• _DIRECTIONS_: Keep the pictures out, and restate the listing that follows exactly as written.
___ GIVEN MATERIAL ___
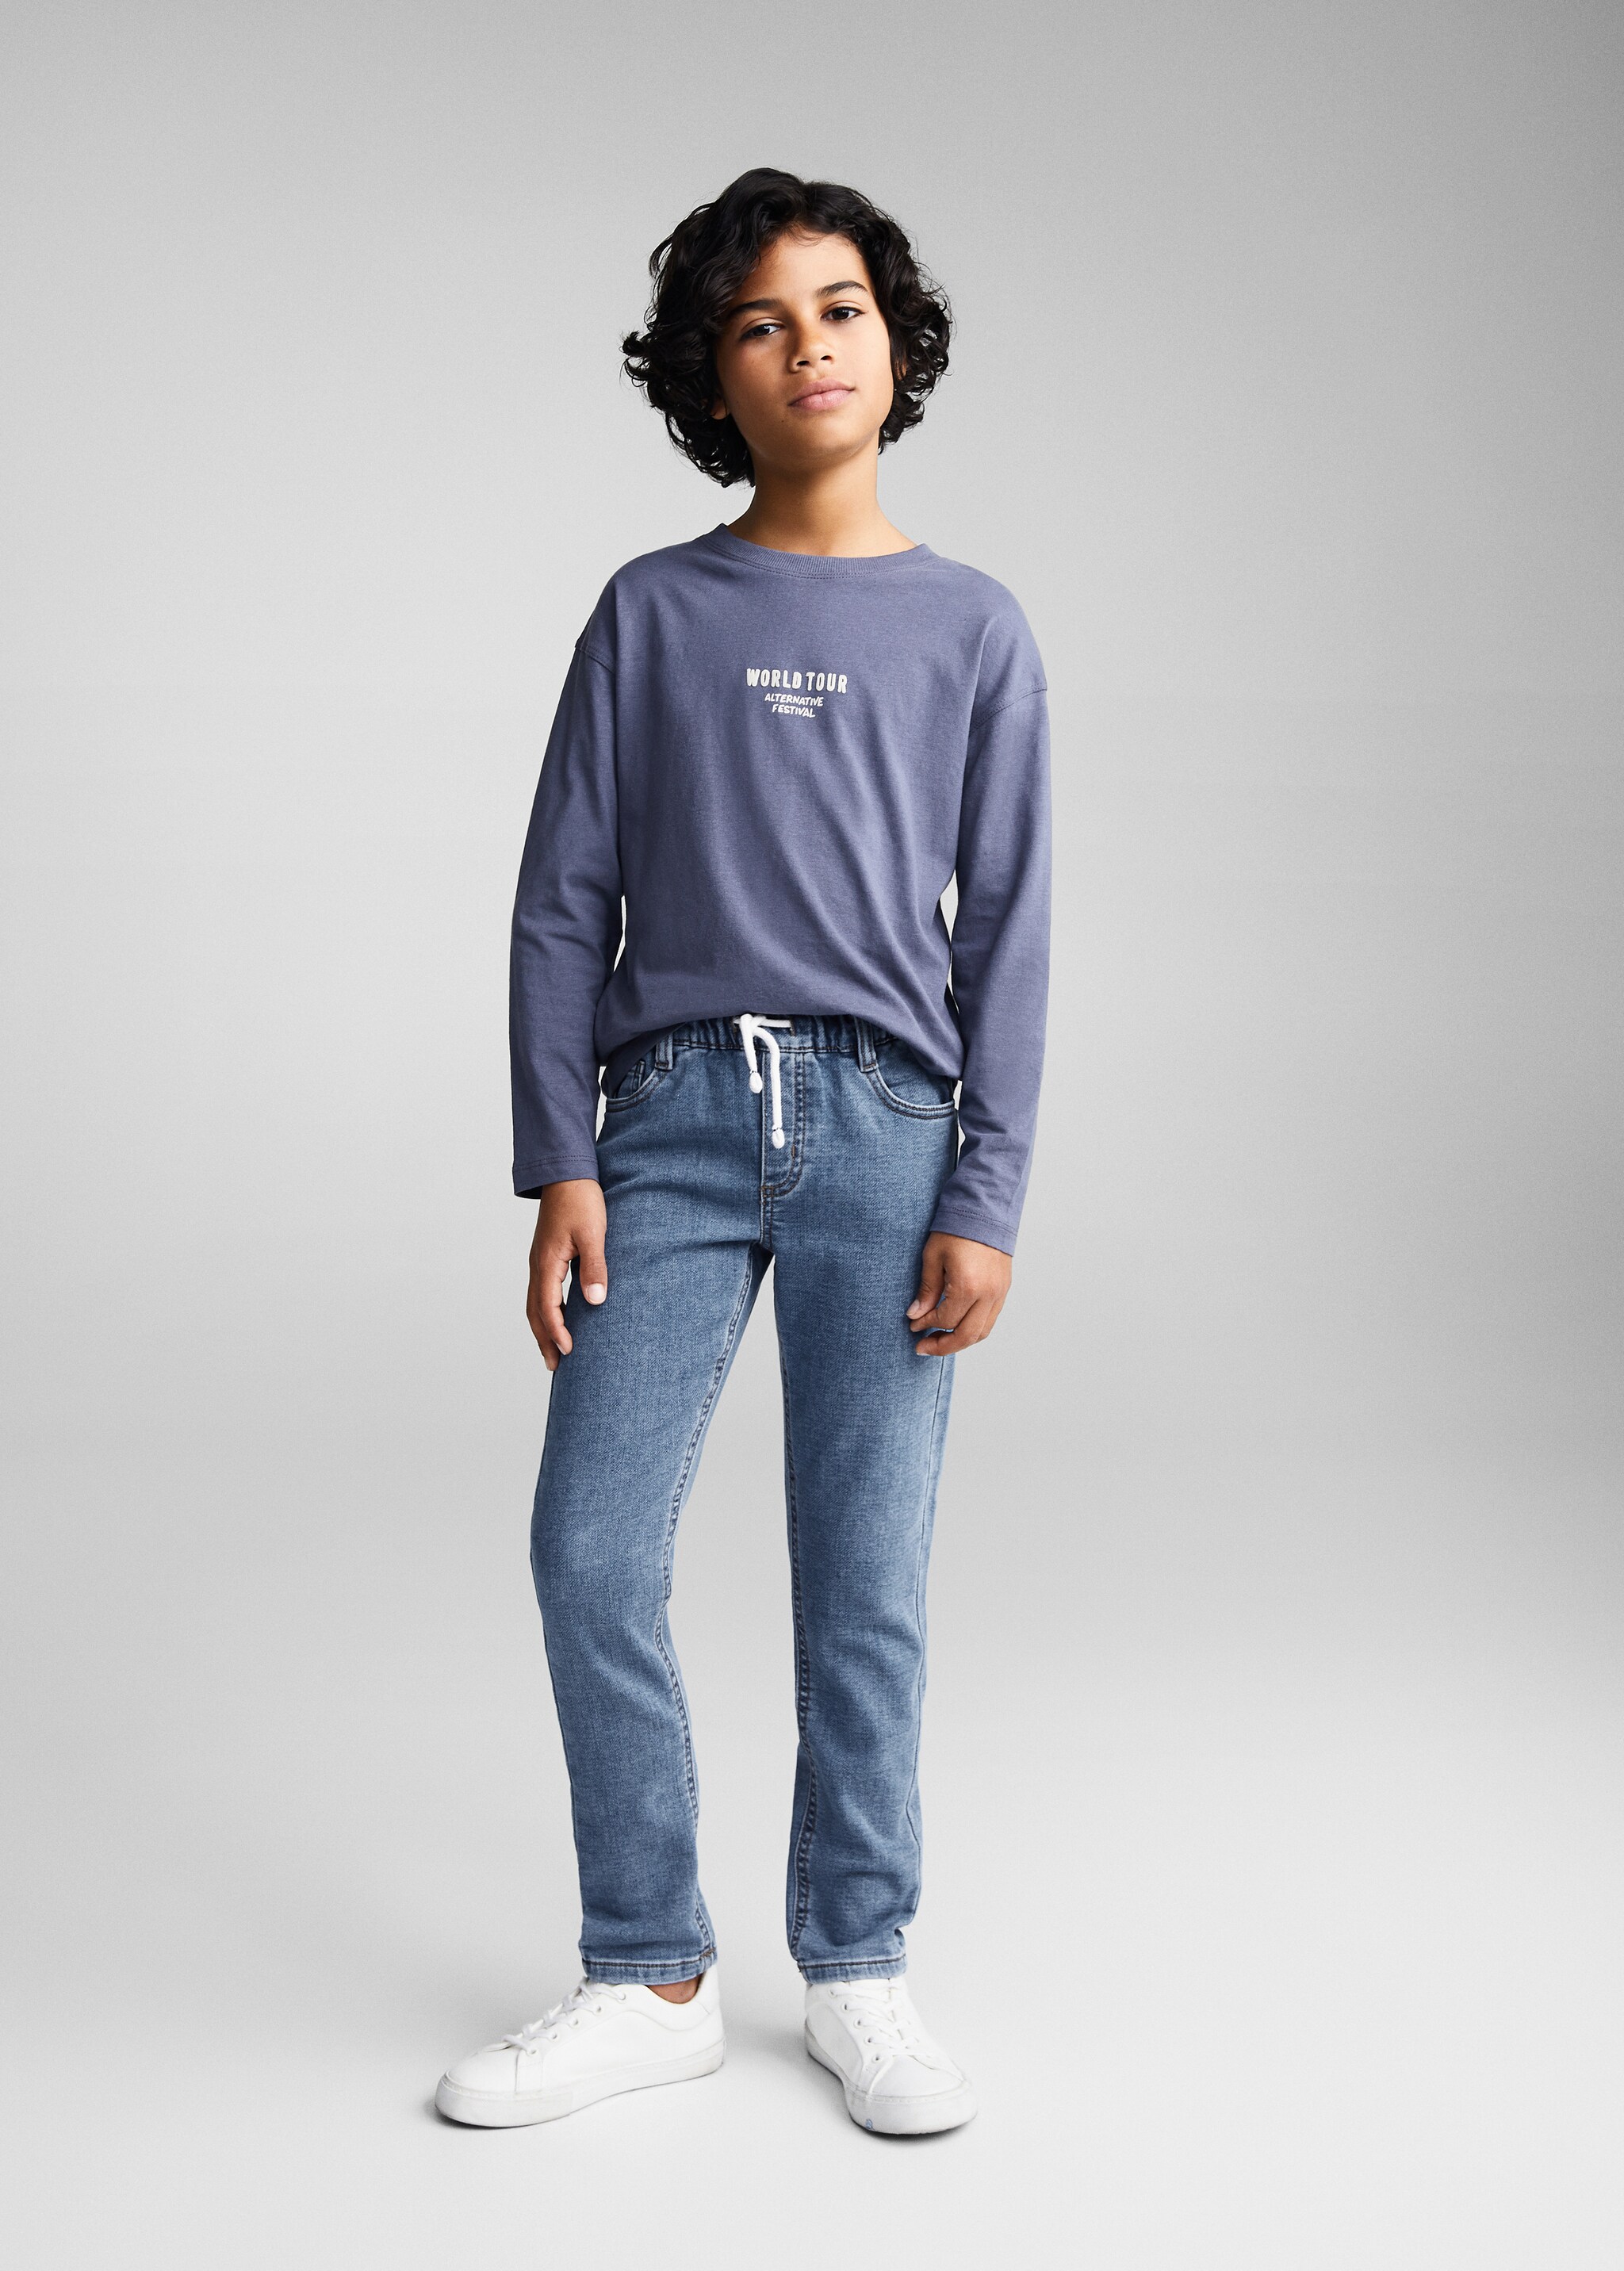 Jeans cintura elástica - Plano geral
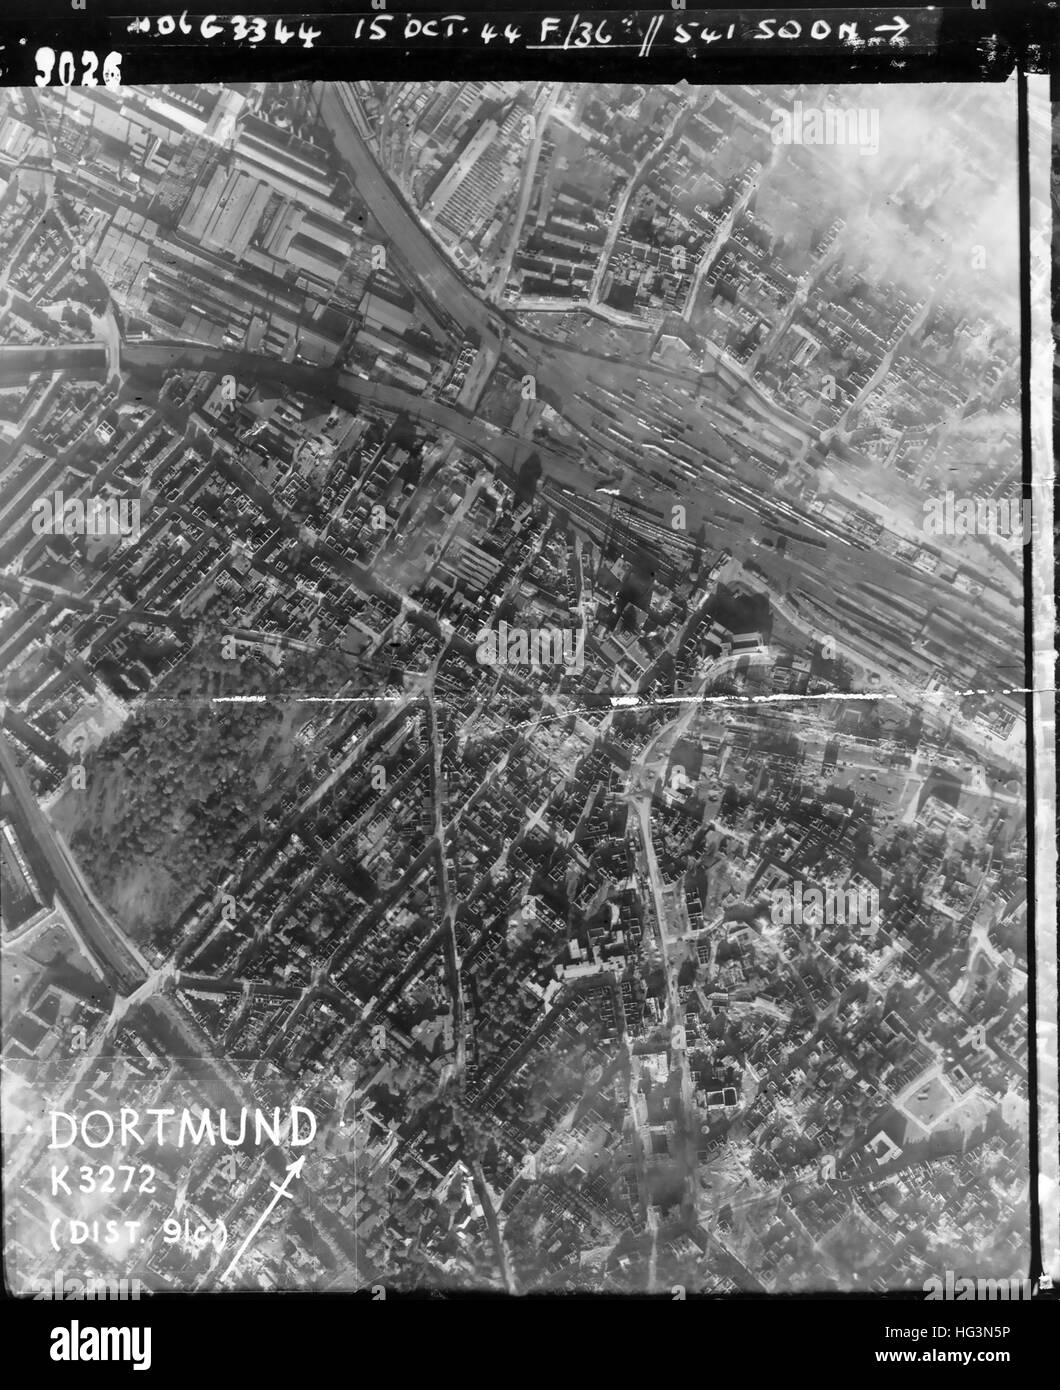 DORTMUND, Deutschland in eine Luftaufklärung Foto am 15. Oktober 1944 zeigt Bombenschäden im Bereich Süden westlich des Hauptbahnhofs. Stockfoto
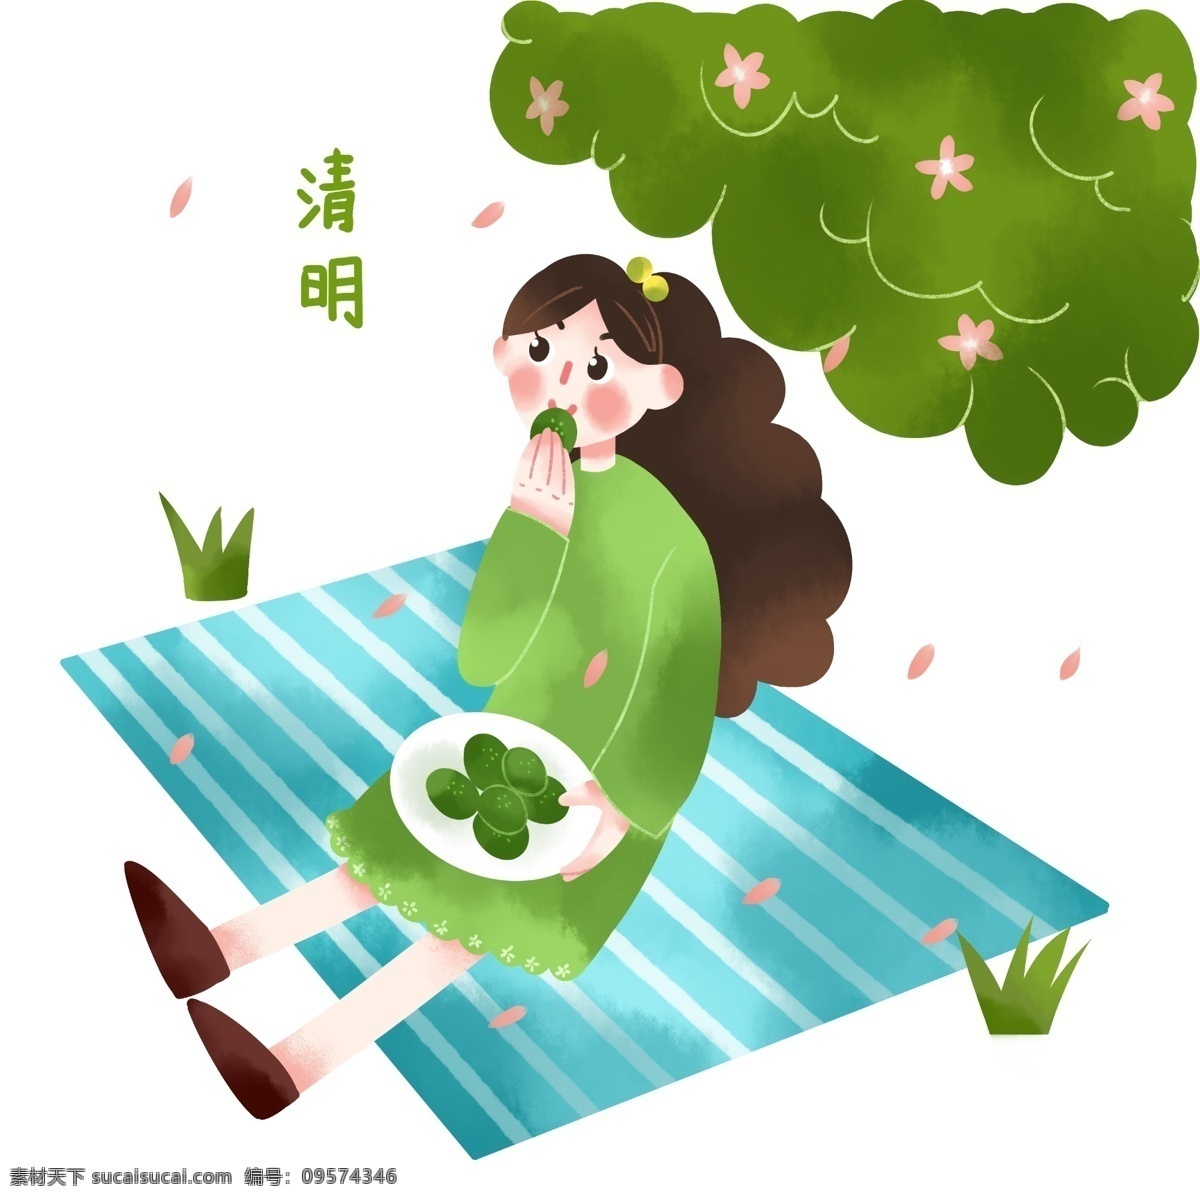 清明节 吃 东西 女孩 插画 吃东西的女孩 漂亮的女孩 绿色的大树 蓝色的地毯 卡通插画 清明节插画
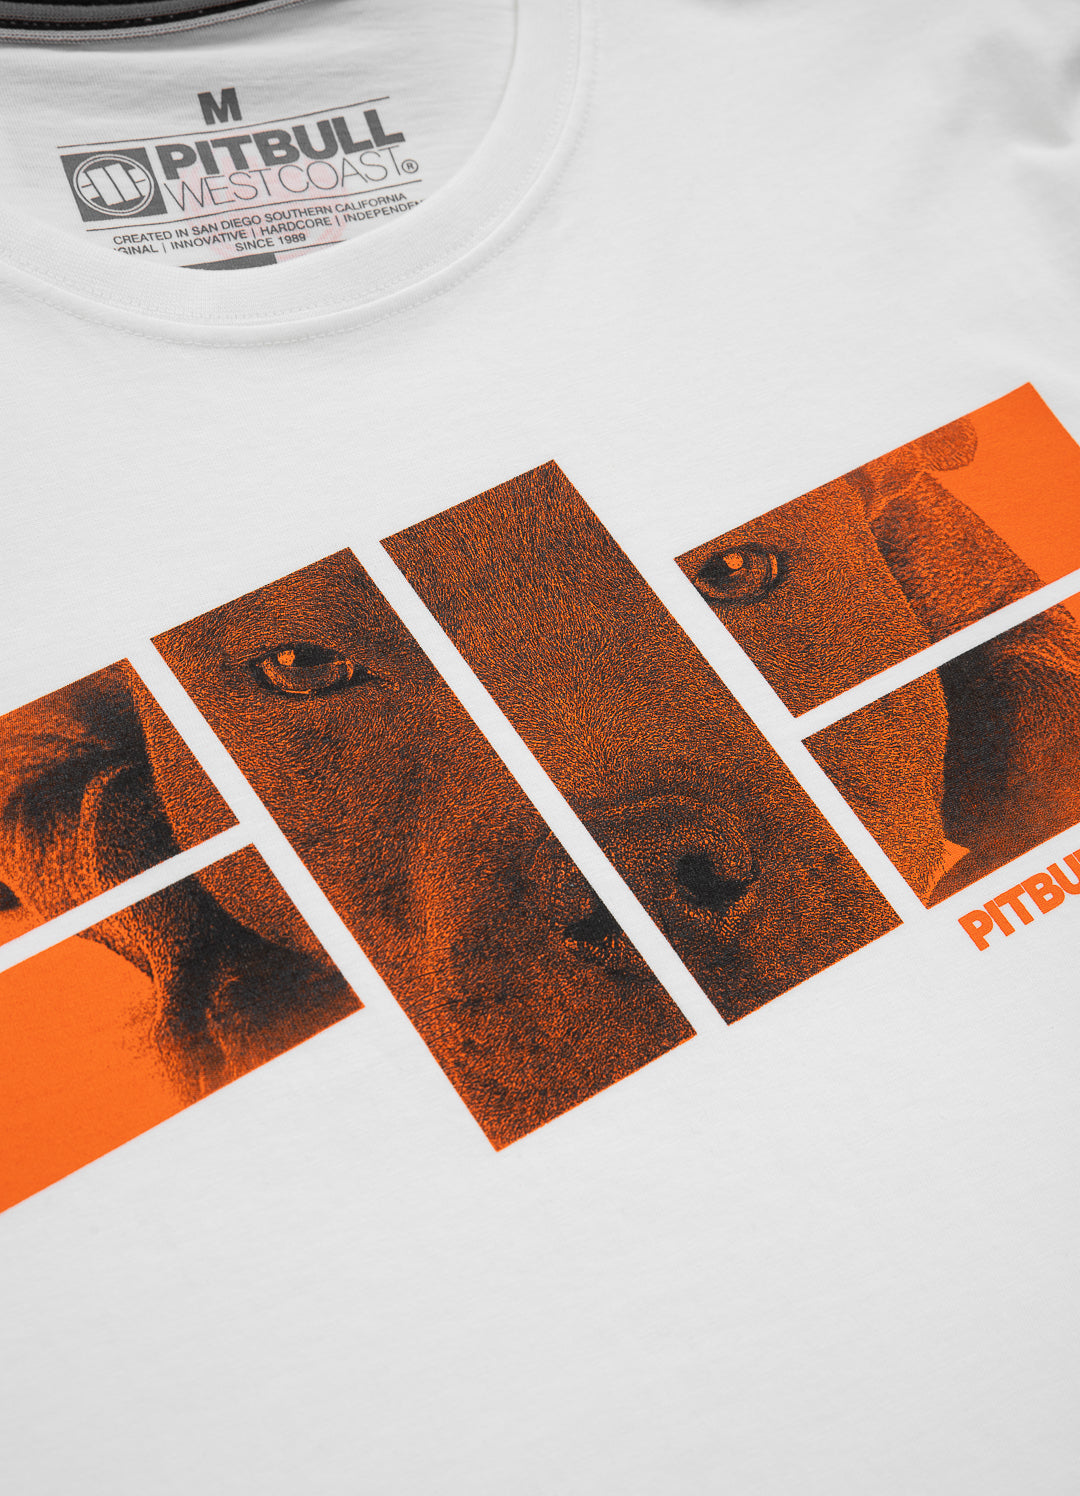 T-shirt ORANGE DOG 22 White - Pitbull West Coast International Store
___
• _TASK RESULT_:
 Jeans cintura elástica - Plano geral
 DORTMUND, Deutschland in eine Luftaufklärung Foto am 15. Oktober 1944 zeigt Bombenschäden im Bereich Süden westlich des Hauptbahnhofs. Stockfoto
 清明节 吃 东西 女孩 插画 吃东西的女孩 漂亮的女孩 绿色的大树 蓝色的地毯 卡通插画 清明节插画
 T-shirt ORANGE DOG 22 White - Pitbull West Coast International Store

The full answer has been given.